Easy ways to stay green this Easter: Deakin waste management expertMedia release
A Deakin waste management expert has put forward his top tips for living sustainably and eating responsibly during the upcoming Easter period.
Dr Trevor Thornton, from the School of Life and Environmental Sciences, said there were a number of steps people could take over the Easter holidays to ensure they limited their waste output and environmental impact.
"First off is Good Friday – a lot of people choose to eat fish and abstain from red meat during this day, so it's a good idea to choose fish that has been sustainably caught," Dr Thornton said.
"If you're not sure where your fish has come from, visit a website such as sustainableseafood.org.au for advice that can help you make an informed decision.
"We also tend to over-cater for family functions, so keep that in mind when you're doing the grocery shopping.
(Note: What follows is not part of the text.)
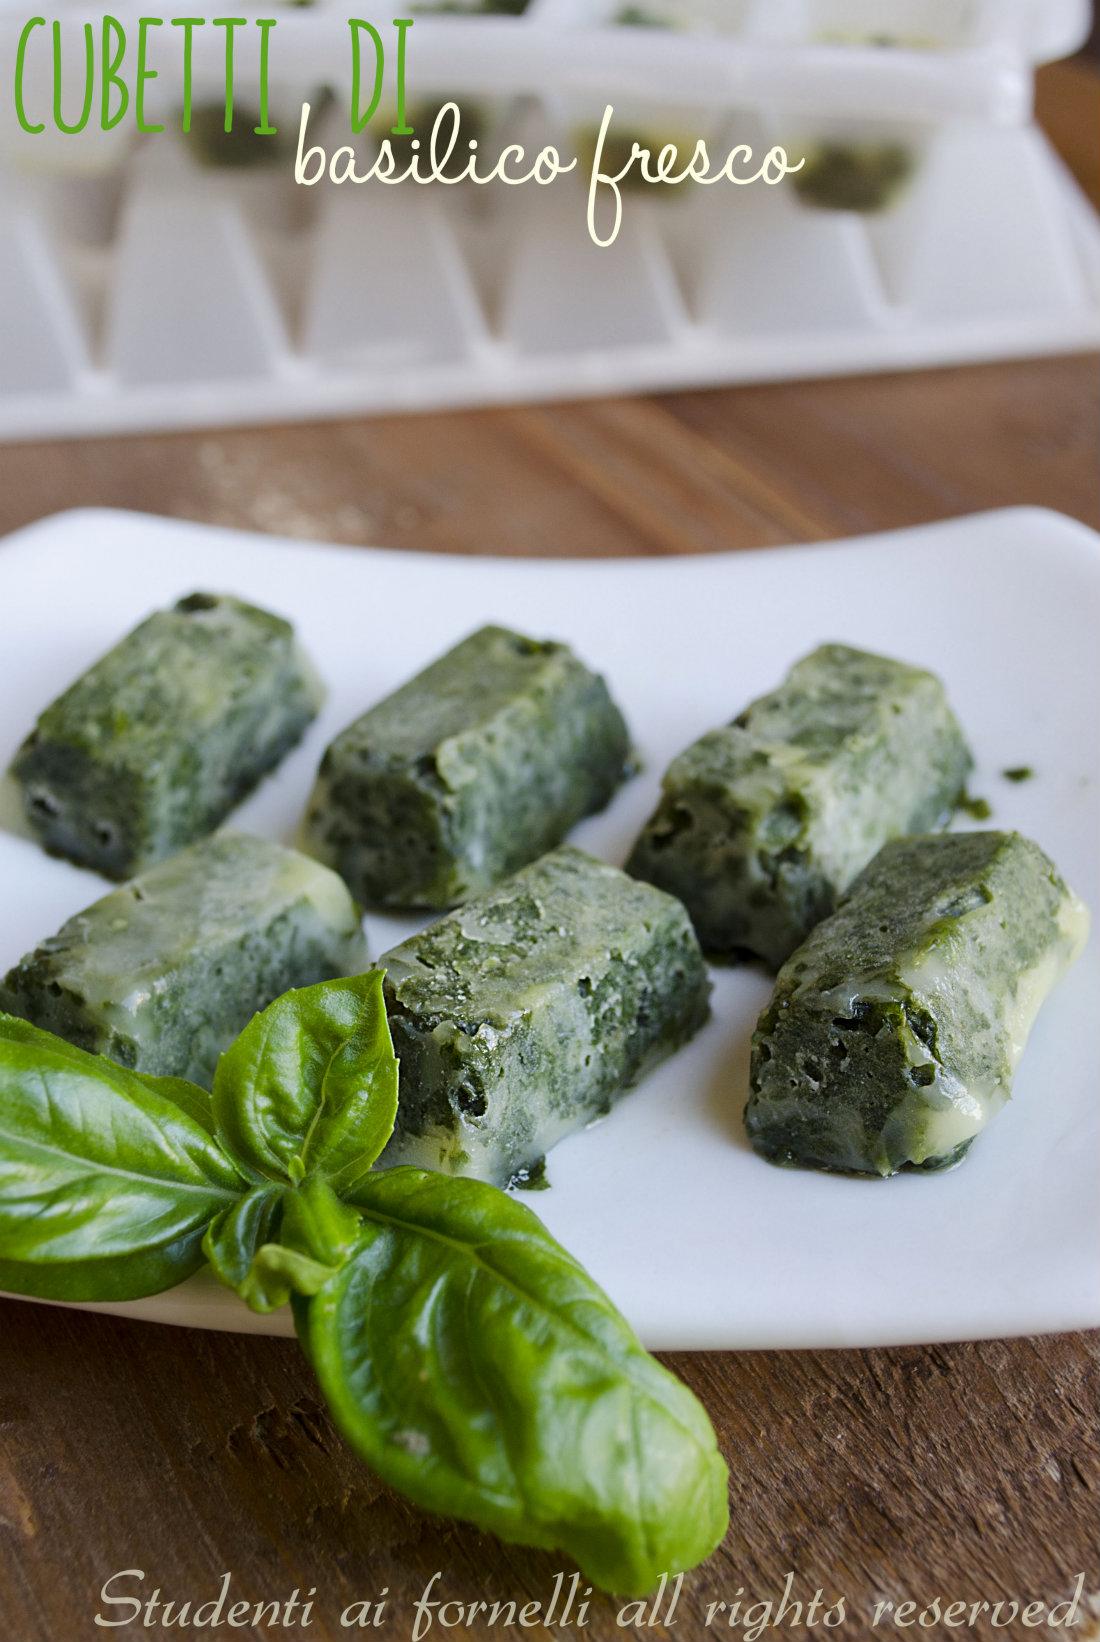 cubetti di basilico e olio di oliva come conservare il basilico fresco consigli

If you do end up with too much food, one way of coping with this is to use meat and vegetable off-cuts and left-over fish to make a stock, which you can then freeze to use at a later date."
Dr Thornton said it was important to recycle as much as possible on Sunday after the Easter bunny had arrived, including chocolate egg wrappers and other materials.
"While Easter egg wrappers might look prettier than the normal aluminium foil we use for cooking, they're typically made of the same material and can be recycled – so once you've eaten all your Easter eggs, don't forget to scrunch up the foil and place it in your recycling bin," he said.
"People may also be using this time off work to clean up around the house and get into some gardening. If you're gardening, remember to put all garden material in your green waste bin – but make sure no plastic or other contaminants are in there."
Dr Thornton said there were a number of everyday actions people could take in order to limit their household waste and reach their sustainability goals.
"You don't have to wait for the next New Year in order to make a resolution – use this holiday period to have a think about what you're regularly throwing out, and set a goal to reduce one thing that ends up in your waste bin," he said.